This process inevitably leads to social antagonisms. It is these social antagonisms, however, that are the essence of politics, and, hence, worth examining. As social entities compete to shape the narrative, or the social boundaries of any particular political sector, this process invariably challenges and reshapes identities. These antagonisms prevent the full realization of identities (of both the antagonist and the antagonizer), and thus force actors to leverage divergent resources in efforts to affirm their identities. In doing so, they construct political frontiers which aim to set them apart from others. Navigating how this process takes place is critical for understanding the processes undergirding private authority in environmental governance. Proceeding in this way also allows the examiner to show how political-social spaces are structured into different subject positions, and how resources are wielded by actors in their attempts at gaining and maintaining leverage within these spaces. This approach can be justified methodologically because it aims to explain the competition and cooperation between actors, as it took place within a specific sector over time. This is essential for understanding not just the dynamics of the field but what is at stake and how actors go about pursuing it.

However, as this book also seeks to explain why some actors were able to wield private authority more effectively than others, the discourse analysis will be supplemented by process tracing. Process tracing is a particularly effective tool at converting a historical narrative into an analytical causal explanation and thus will be used to bolster the theoretical propositions laid out in the book.5 In order to carry out such a project, there are a few critical steps that need to be highlighted.
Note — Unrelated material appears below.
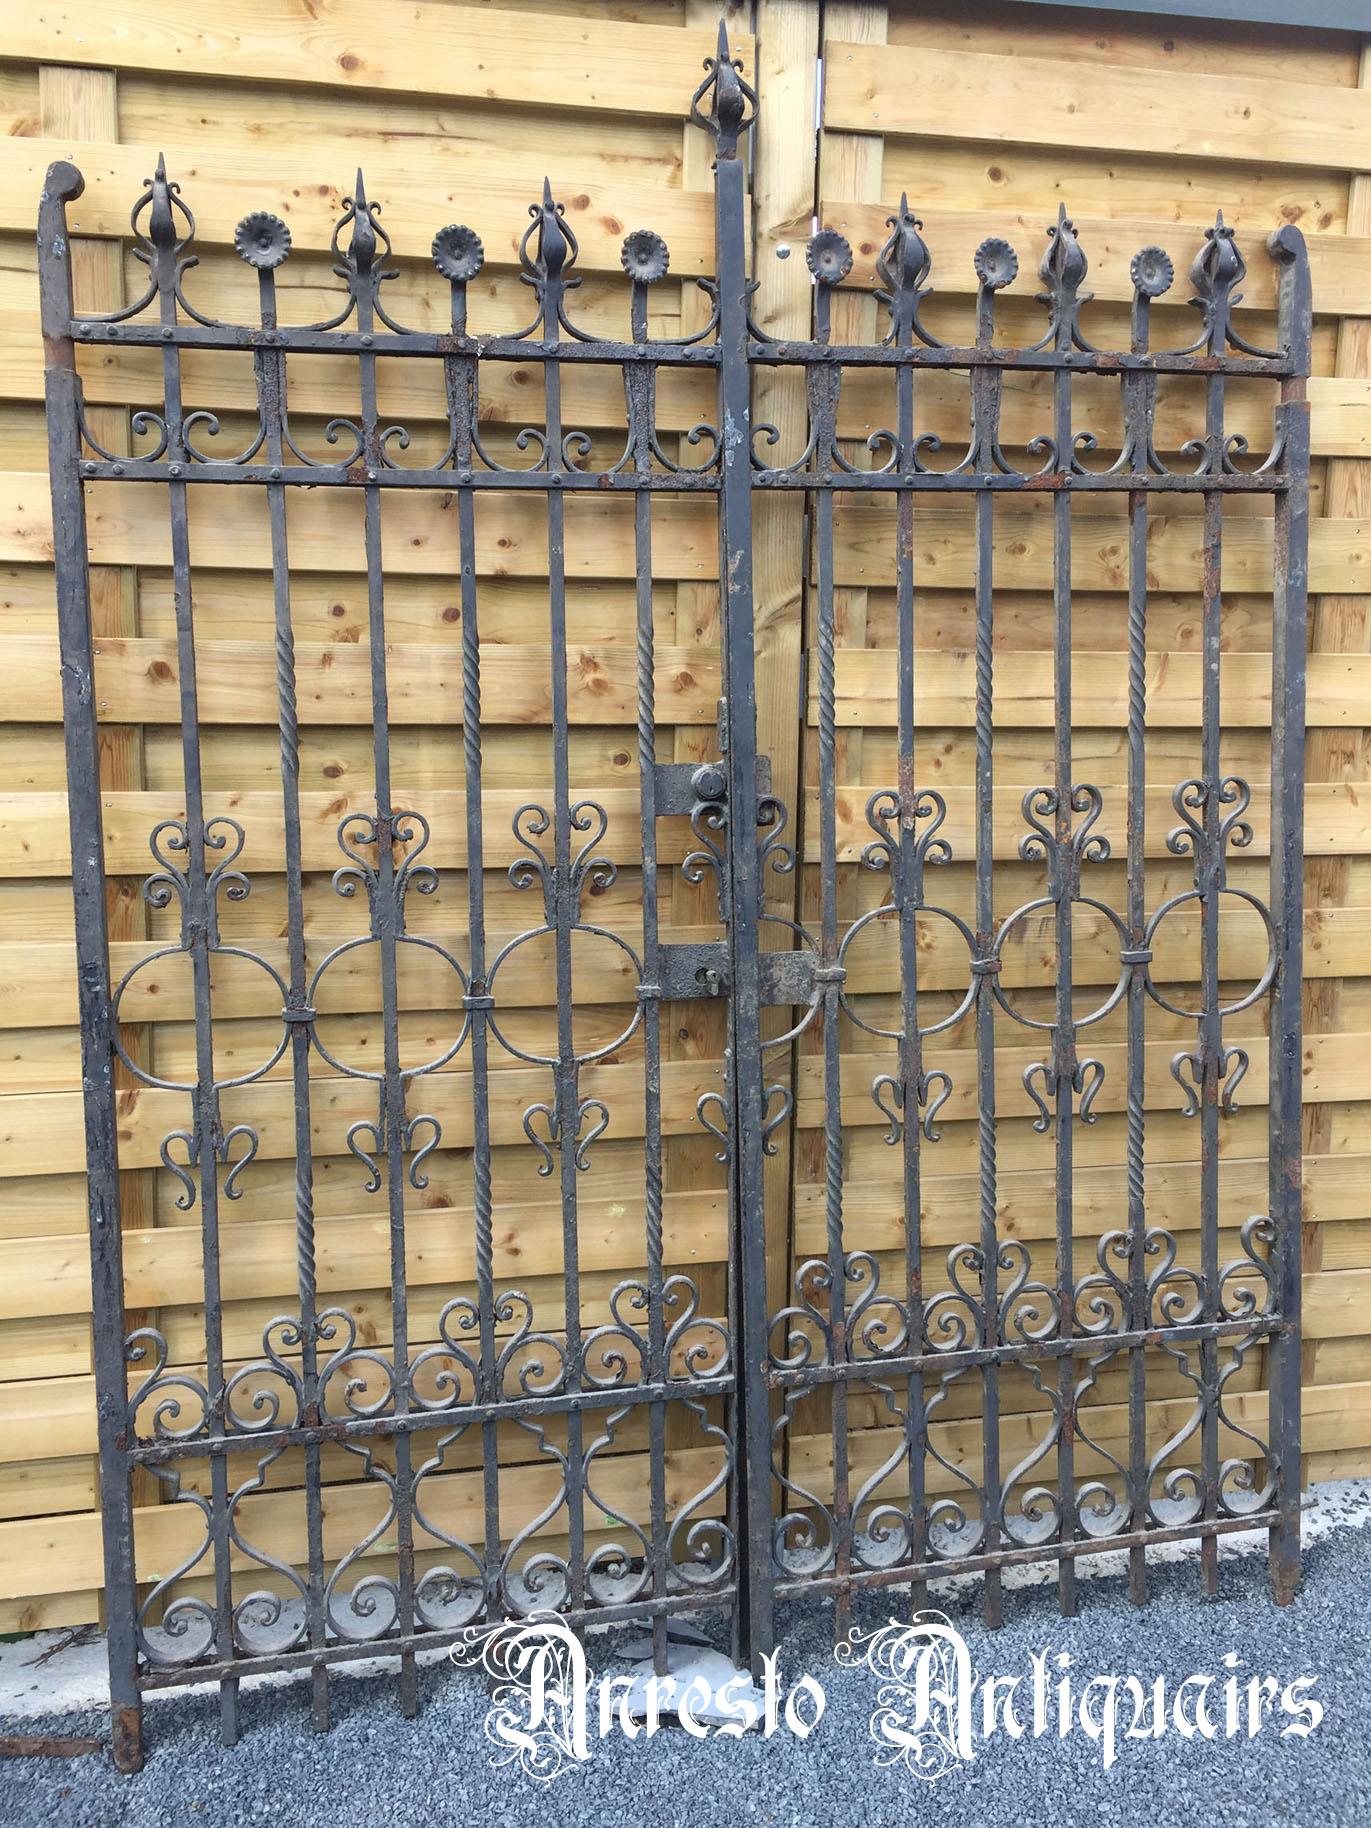 Verwonderlijk Bouw-Antiek gietijzer hekwerk. Exclusieve ijzeren hekken antieke JR-46

First, the sector within which private governance is being conducted must be properly contextualized. Rather than focusing on governance dynamics in a vacuum, as they exist during one independent period of time, this book will examine the process by which private authority evolved over time, and the dynamic ways in which it shifted during that period, within a specific sector, and sectoral fields (the environment and forests and fisheries, respectively).
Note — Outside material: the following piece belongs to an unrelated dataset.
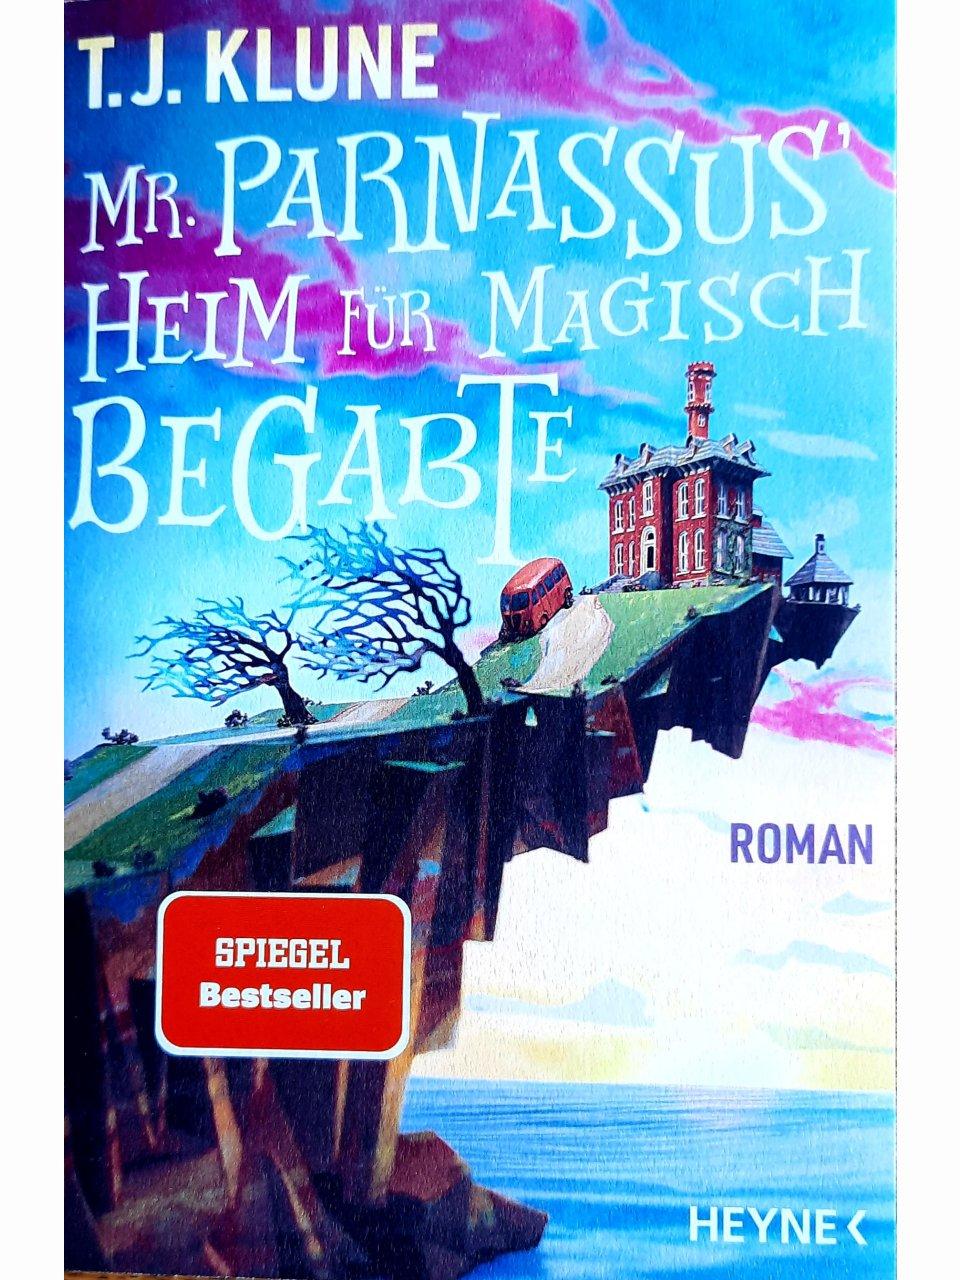 Mr. Parnassus Heim für magisch Begabte

Second, and drawing from the first, this book will present a more sociologically based account of private authority. To begin with, authority does not just exist as something that is “out there” to be attained by an actor. Nor is it a commodity traded between actors. Rather, it is a social process that builds over time. It must be traced from its point of emergence, through to the time of the study. Additionally, instead of focusing on the direct relationships between the governed and the governor, the full network of relationships that prop up the governor and their authority must be examined as well. This diverts from traditional forms that structure private governance primarily as consisting of a competitive and conflictual, hierarchically structured relationship between two actors (governor-governed). Rather, it considers both the conflictual/competitive side of the many relationships that go into private authority and the cooperative/supportive components of those relationships as well. For example, as will be discussed in this work, such an approach is required in order to explain how the FSC emerged into a subject position between two networks wherein they could exercise and maintain private authority. The position they came to occupy between the two networks, and the authority they wielded, was not solely between them and the industries they tried to regulate. Nor is the story limited to the moral authority they held as a socially purposed environmental organization. Rather, it includes a complex set of networked relationships between the FSC and the targets of governance, as well as between the FSC and the many Environmental NGOs (ENGOs) that supported the FSC. These ENGOs viewed the FSC as an extension of their own projects, and their own identities. The FSC, however, saw the linking of environmentalism and industry as its role and as crucial in achieving its objective and thus emerged as a network connector. This subject position is what was required to find a common code (i.e., language) that could be adapted to both sides of the network. This book seeks to unravel this complex social phenomenon in order to better understand it. Such a platform will allow for a more comprehensive explanation of private authority, sources of such authority, and how actors leverage these in difficult political terrain to connect networks.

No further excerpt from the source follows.